A new chapter of weird MQTT messages

A long time back I was having all sorts of problems with MQTT.

Wrong machine messages being sent when shutting down, rogue messages turning devices on/off at weird times, and probably others.

A lot of them went away when I replaced the power supplies with bigger ones.
Others went away when I updated two machines from very small ones to RasPi 3B+.

Things were looking good.

But a gremlin has come back.

I have an arduino connected to my WiFi and it sends temperature readings back to the network and also displays the time now and then.

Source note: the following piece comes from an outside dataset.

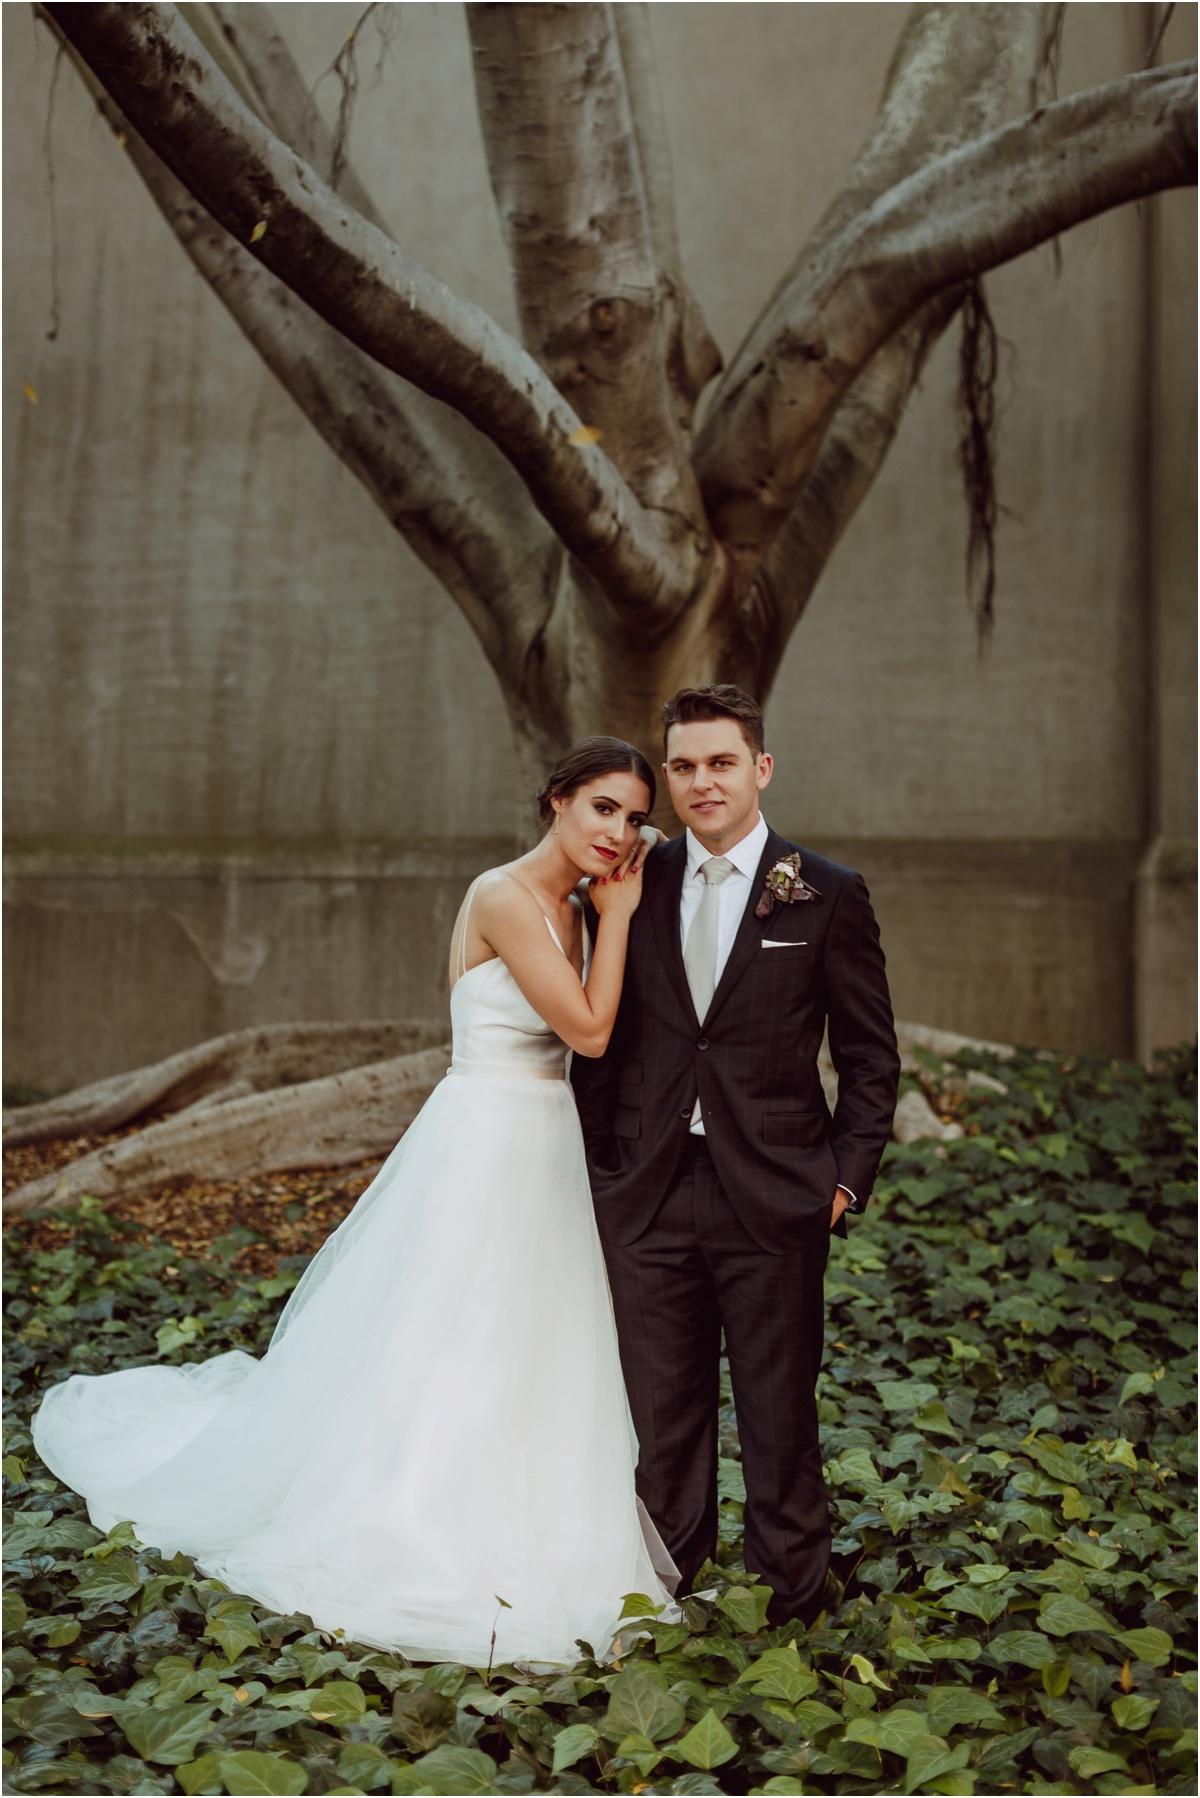 Sydney-Wedding-Photographer-034.JPG

It has a Birth Certificate, and a Death Certificate... aka LWT.

Every now and then I receive a LWT from the board. Fair enough I guess.
But what is weird is that I never get a Birth Certificate shortly after.
Yet: The device is connected to the network.

It is there sending temperature readings and displaying the time every now and then - as it should.

So I am curious to any thoughts to what is causing these messages to be sent.

I'm not seeing a WAP failure, which I guess could/would cause the LWT to be sent.
So I'm guessing it isn't that.
(Also other WiFi devices aren't being dropped.)

Thanks in advance.

Andrew,

Can you access the raw MQTT log files so you can see the stream of messages rather than the NR interpretation.

Presumably you are running one of the packaged distros on this unit (what version ?)

The log will live in /var/log/mosquitto

I usually log into the System as user PI (no elevated privilieges) then perform a
sudo su
to have full access to all the log files

You should then be able to cat the file out and page through it to see if there is any more detail before and after the disconnect

cat mosquitto.log | more

Hi Craig.

Um, ok, to answer your question/s:
RasPi Buster.
NR 2.2.2
Mosquito... Stuck.
ver? version? Neither seem to work.

But skipping that for a second:
The broker is run on the RasPi (mentioned above)
but looking where you said, I see nothing.

Or at least: on mosquitto log.
Ok, sorry... in the mosquitto directory. Look below.

The version:

pi@TimePi:/var/log $ mosquitto -h
mosquitto version 1.5.7

mosquitto is an MQTT v3.1.1 broker.

Usage: mosquitto [-c config_file] [-d] [-h] [-p port]

 -c : specify the broker config file.
 -d : put the broker into the background after starting.
 -h : display this help.
 -p : start the broker listening on the specified port.
      Not recommended in conjunction with the -c option.
 -v : verbose mode - enable all logging types. This overrides
      any logging options given in the config file.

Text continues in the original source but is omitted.